THE latest independent study from SEA-LNG confirms that liquefied natural gas delivers a strong return on investment for Capesize bulkers on the Australlia to China trade route, specifically a newbuild 210K DWT ore carrier.

The study illustrates strong returns on investment for LNG as a marine fuel on a net present value (NPV) basis over a conservative 10-year horizon.

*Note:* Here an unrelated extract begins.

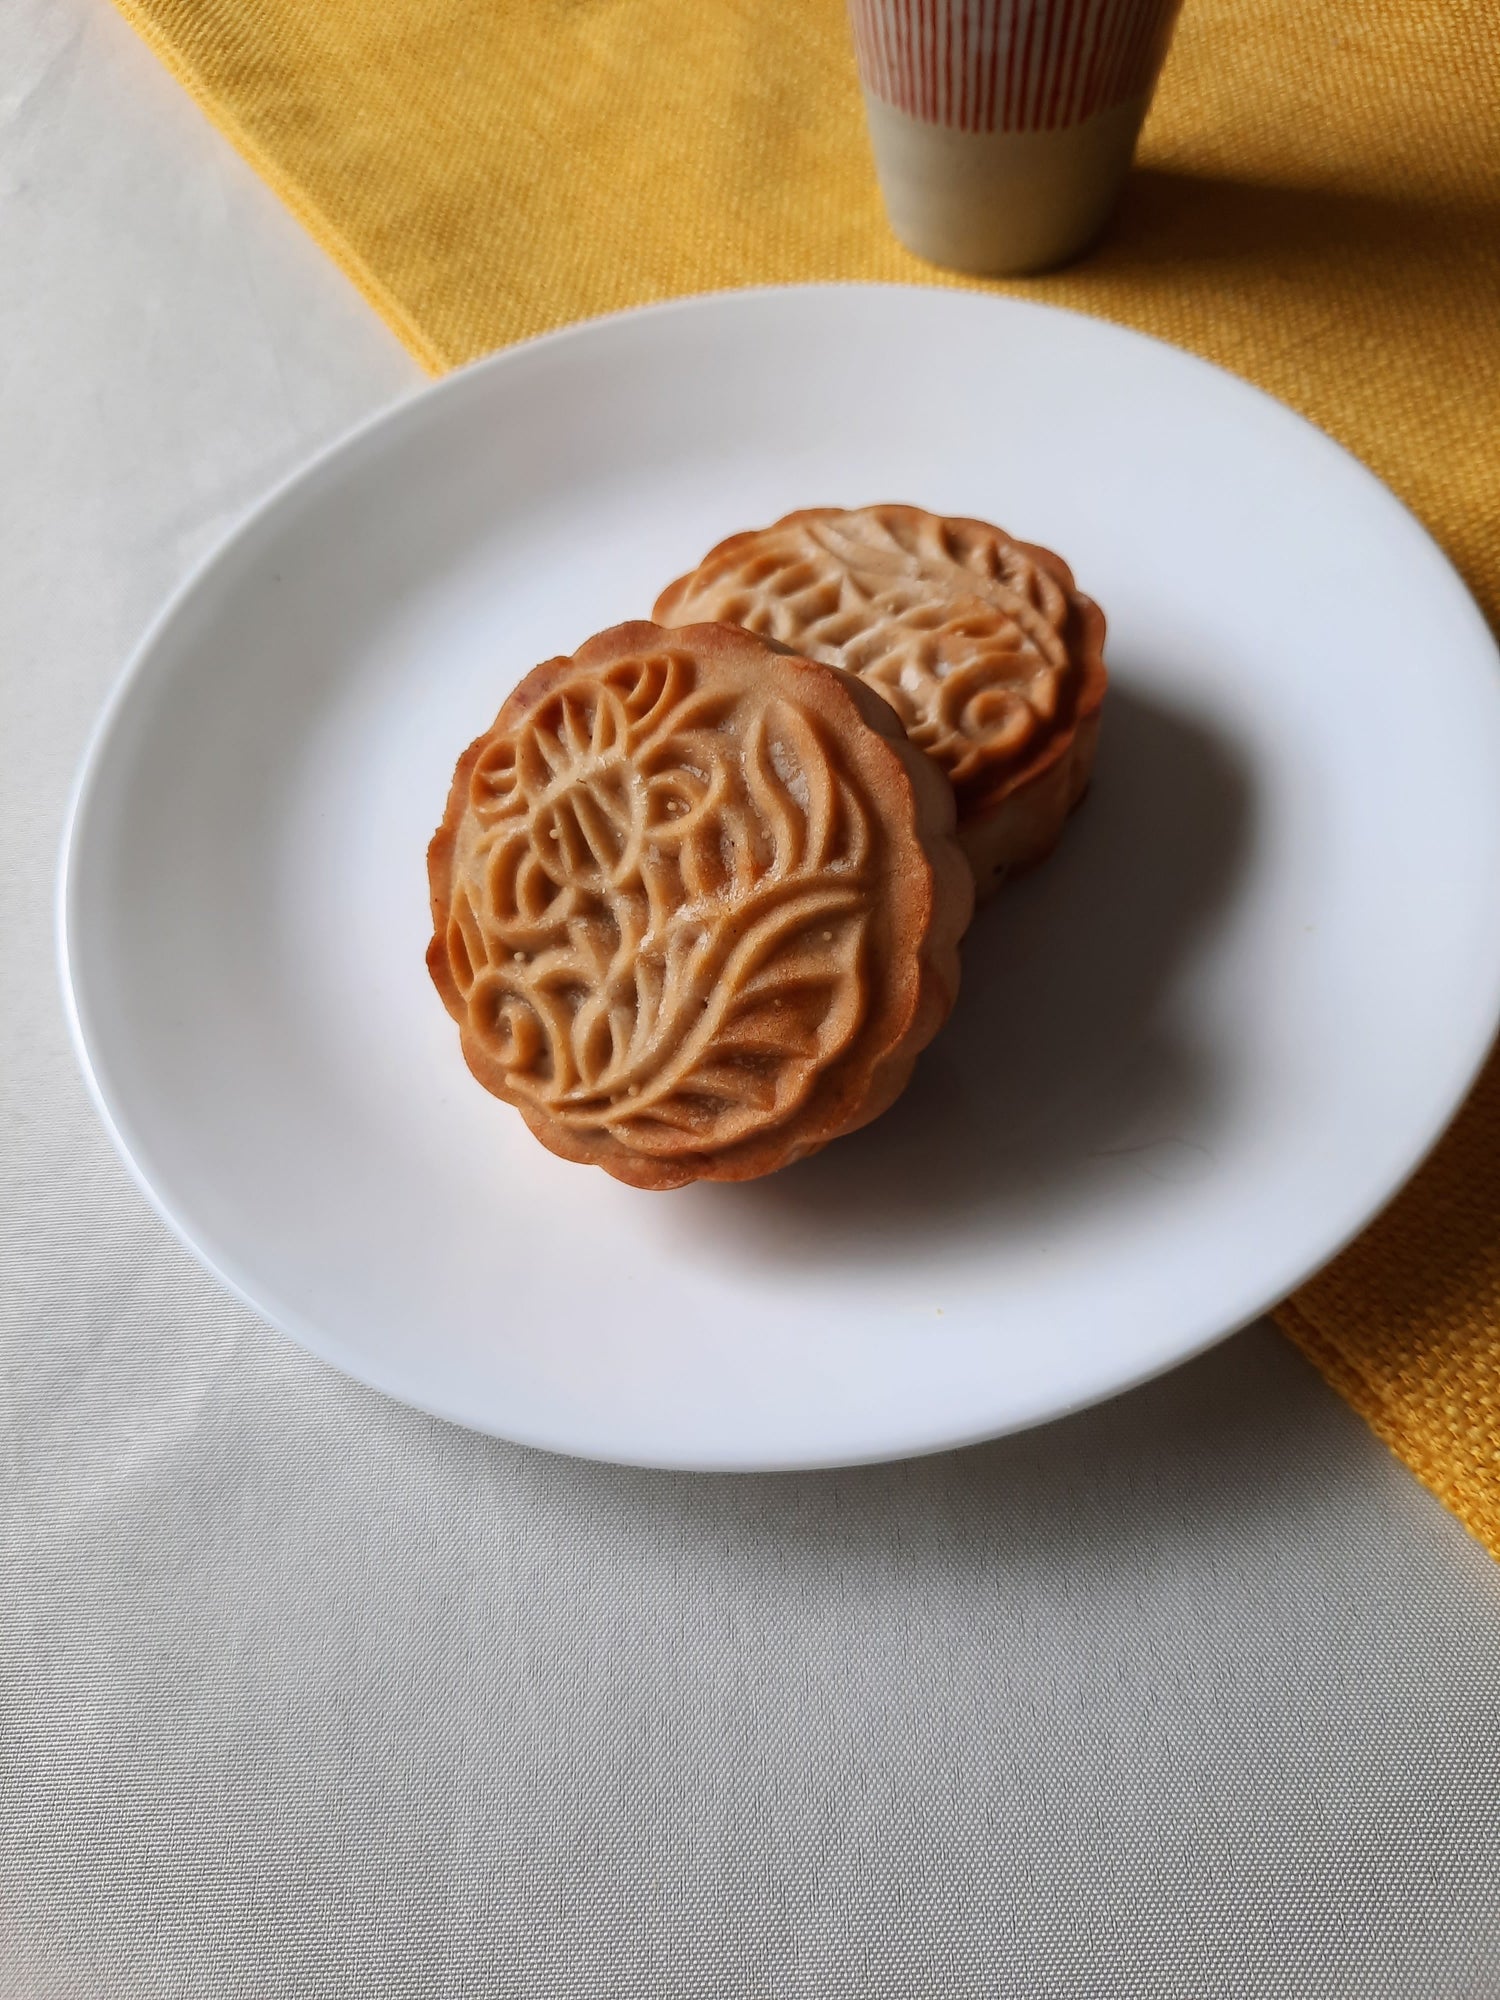 Two full, uncut red bean mooncakes stacked on a white plate.  A cup of green tea in the background.

The modelling analysis is bolstered by payback periods of 2-4 years for the newbuild Capesize on this major ore trade corridor.

Commenting on the study Peter Keller, chairman, SEA-LNG, said, “The impressive results of this latest installment in our investment case series further underlines LNG’s position as a financially sound investment for deep-sea vessels, across a range of vessel specifications.

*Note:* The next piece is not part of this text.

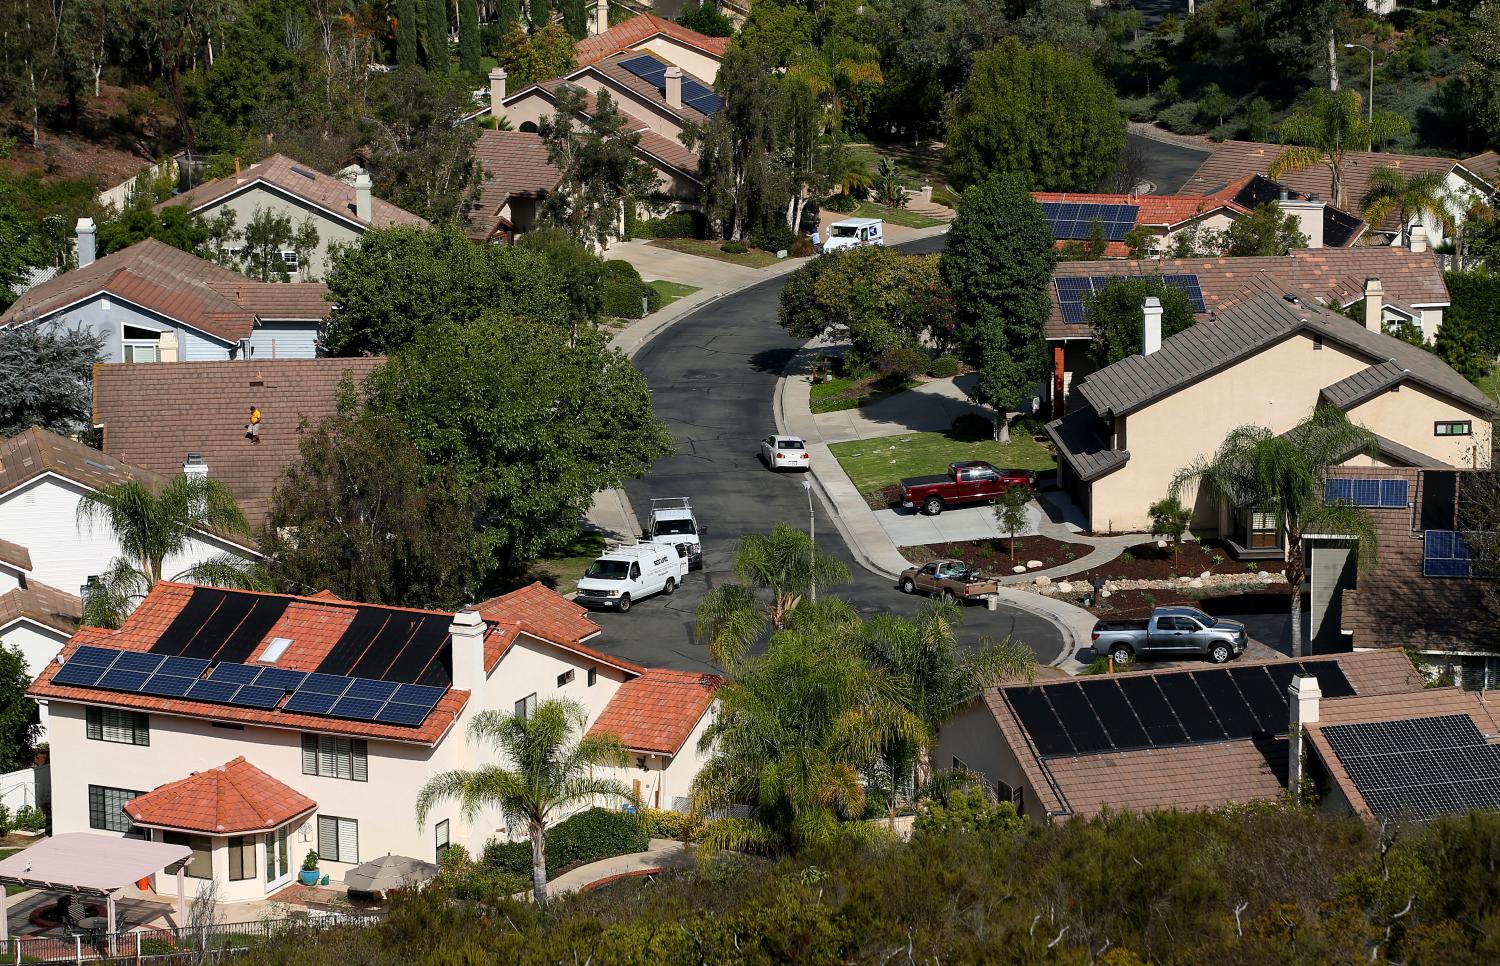 Multiple homes with solar panels are shown in Scripps Ranch, San Diego, California, U.S.

“Building up a robust foundation of leading knowledge, credible data, and proven understanding, is a core pillar of SEA-LNG’s mission to support shipowners and operators through the complex investment decision matrix they face in ensuring their vessels are compliant for both current and future legislation.


 “All our studies prove LNG to be a safe, mature, and commercially viable marine fuel offering compelling returns on investment, superior local emissions performance, significant Greenhouse Gas reduction benefits, and a pragmatic pathway to a zero-emissions shipping industry.”

This study was designed to provide greater clarity for those investing in LNG as a marine fuel for large bulk vessels.

SEA-LNG commissioned the study as the fourth in a series of investment evaluations by simulation and analytics experts Opsiana.